In fenguoerbian/RSAVS: Robust Subgroup Analysis and Variable Selection

knitr::opts_chunk$set(
  collapse = TRUE,
  comment = "#>"
)

In this article, we use the student performance dataset to demonstrate how to perform subgroup analysis and variable selection simultaneously via the package RSAVS.

NOTE: This article is finished with RSAVS version 0.1.2.

library(ggplot2)
library(dplyr)
library(skimr)
remotes::install_github("fenguoerbian/RSAVS", ref = "v0.1.2")
library(RSAVS)

Introduction to the dataset

This student performance dataset is about the grading point of evaluations of 1044 Portuguese students from two core classes(Math and Portuguese). There are 395 observations in the math data frame mat_df and 649 observations in the Portuguese data frame por_df. And the full dataset full_df is just the combination of these two data frames resulting 1044 observations. You can find details about these datasets via ?full_df.

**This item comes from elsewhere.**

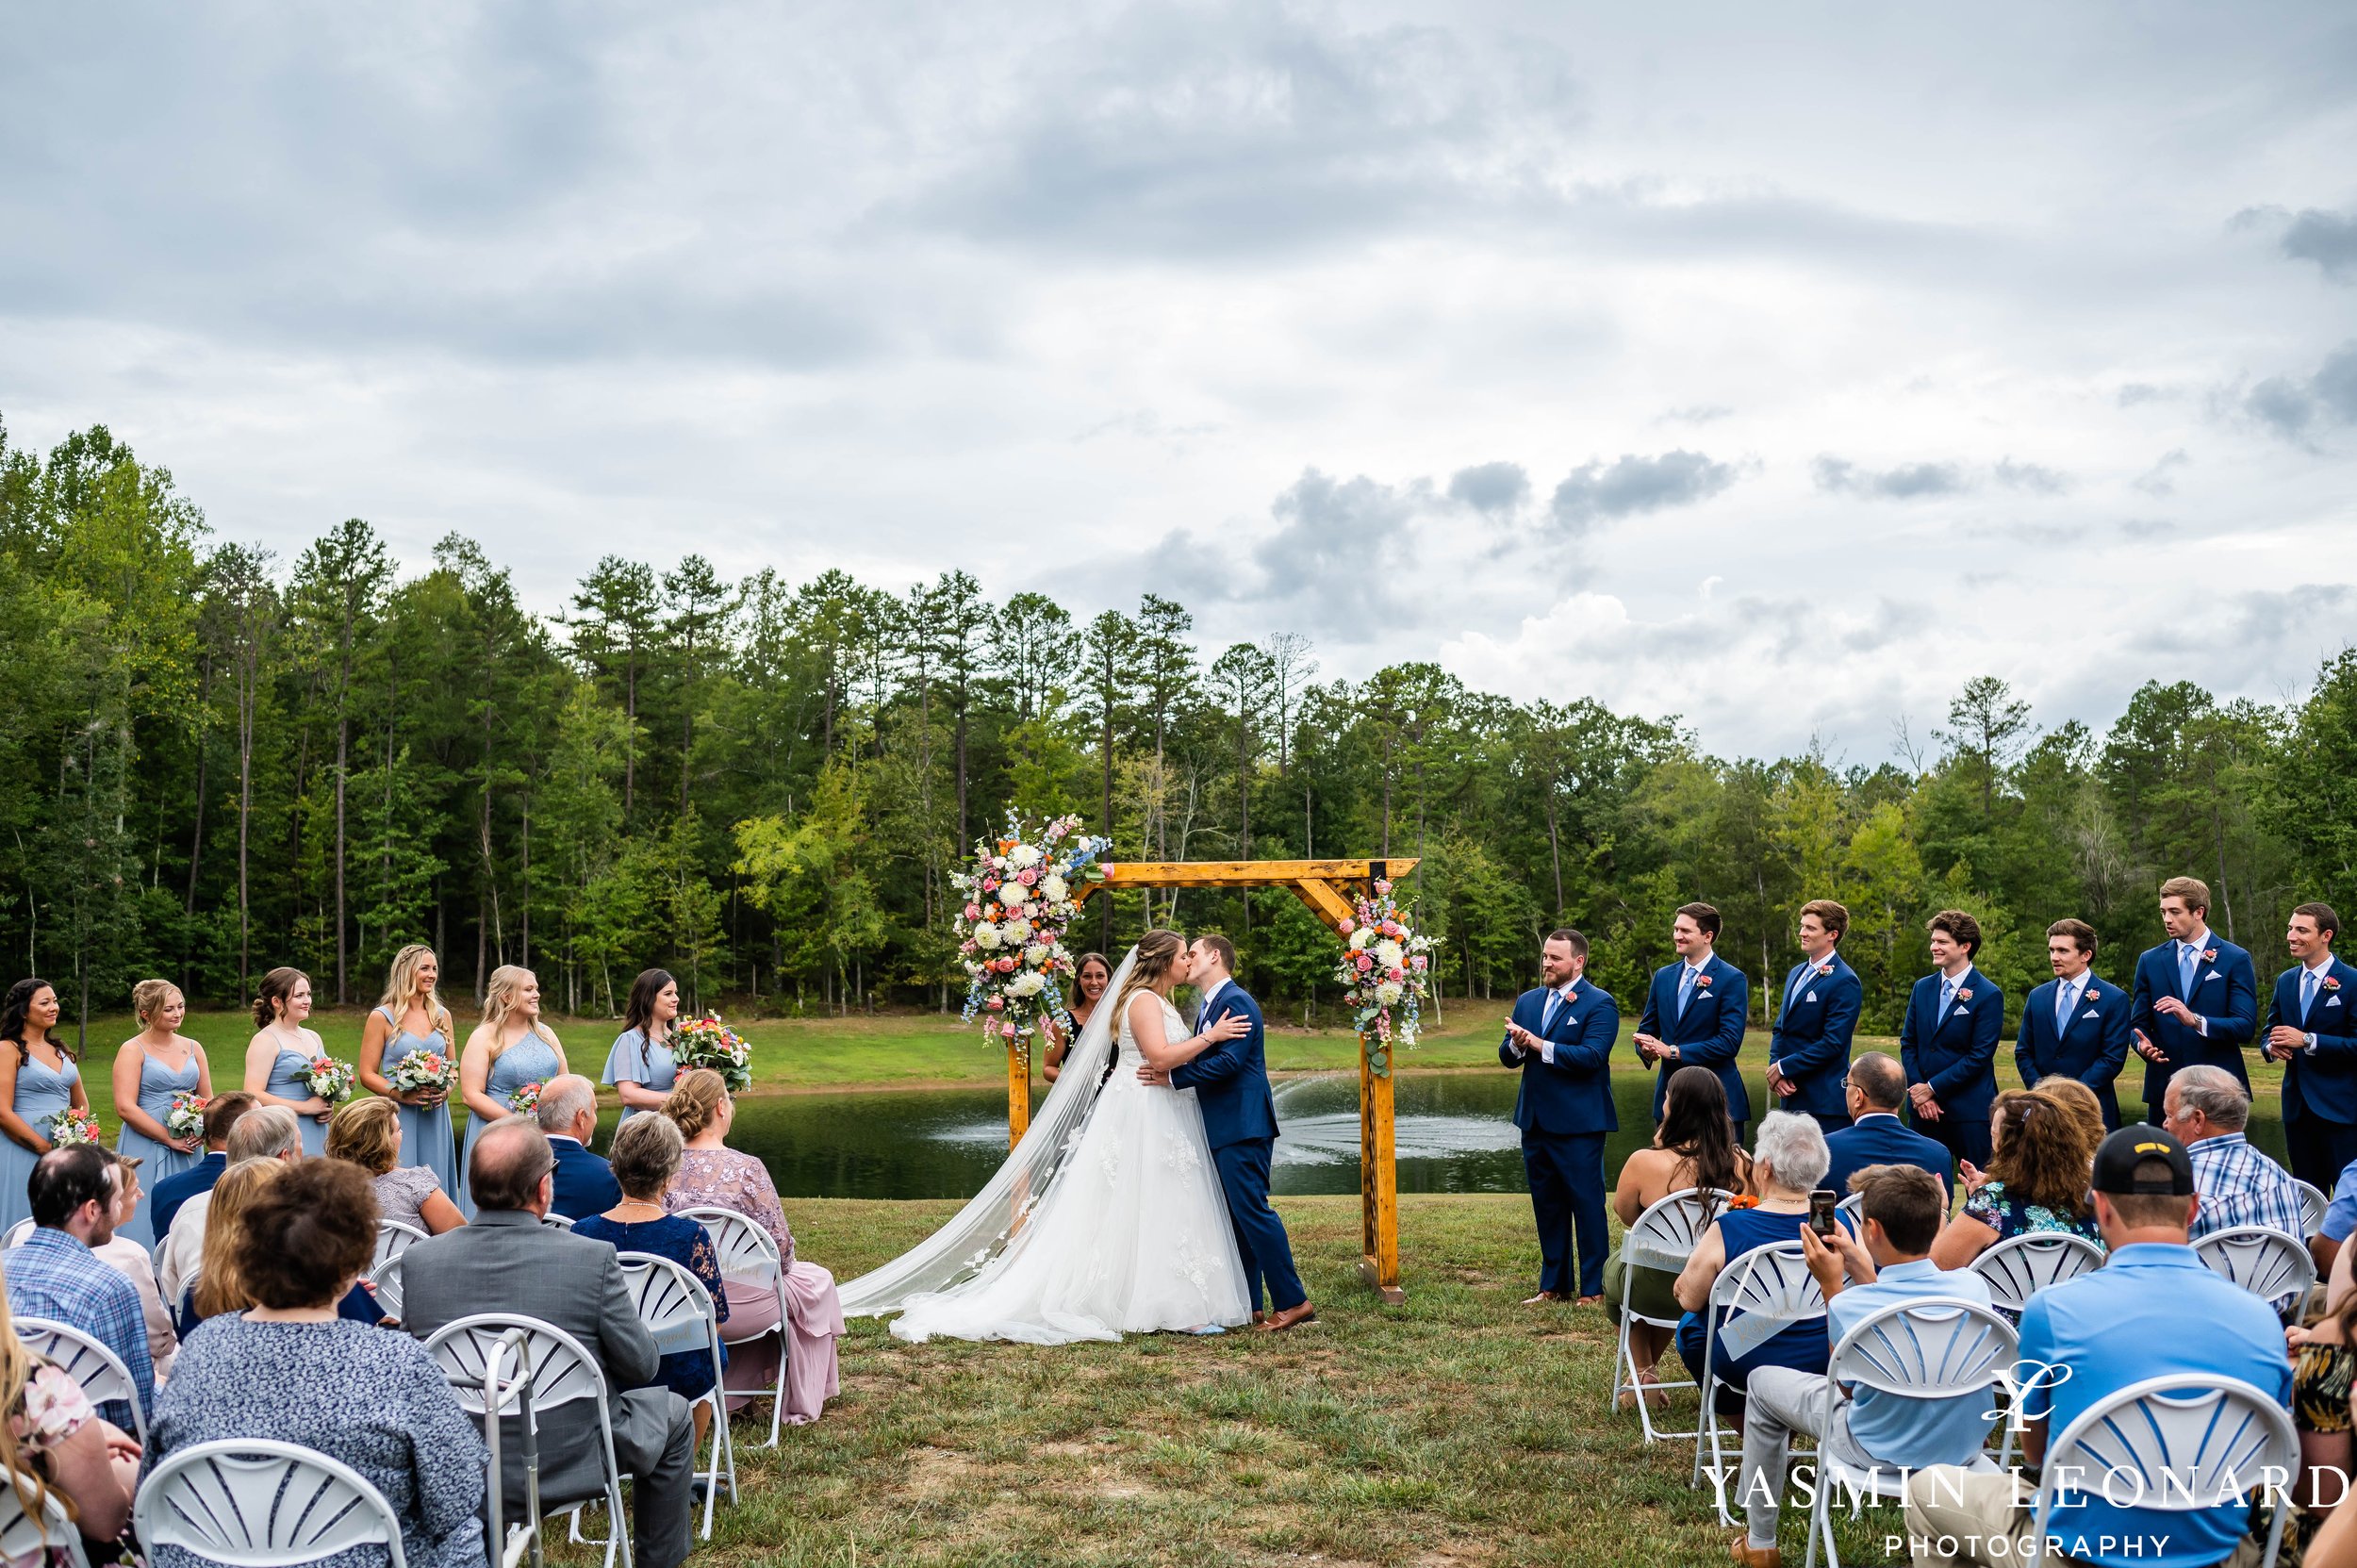 Secret Meadows at Green Dell Farm - Wedding in Thomasville - Barn Wedding in the Triad - High Point Wedding Photographer - Yasmin Leonard Photography -23.jpg

In later analysis, we will use the full dataset full_df. The basic information of this dataset is shown below:

skimr::skim(full_df)

Our interest is G3, the final grade. And we want to understand how it's related to those covariates. Note that although there seems to be several numeric variables in this datasets, most of them are actually binary or nominal coded.

First of all, we project the data on to the space spaned by most of the binary and nominal variables in the dataset. This gives us some basic understanding about how the average final grade is distributed among different observed subgroups.

fit1 <- lm(G3 ~ school + address + Pstatus + famsize + schoolsup + famsup + activities + paid + internet + nursery + higher + romantic + Mjob + Fjob + guardian + reason, data = full_df)
plot(density(fit1$fitted.values))

Looks like most of the grades are centered between 10-14 with some heavy tail at the lower end.

Next, we try expolore the relationship between individuals and the average grading point of the observed subgroup via OLS.

fit2 <- lm(fit1$fitted.values ~ sex + age + Medu + Fedu + traveltime + studytime + failures  + famrel + freetime + goout + Dalc + Walc + health + absences, 
           data = full_df)
plot(density(fit2$fitted.values))

The fitted value doesn't tell much, but the residual plot tells something

ggplot(fit2, aes(fit2$residuals)) + geom_density() + xlab(NULL)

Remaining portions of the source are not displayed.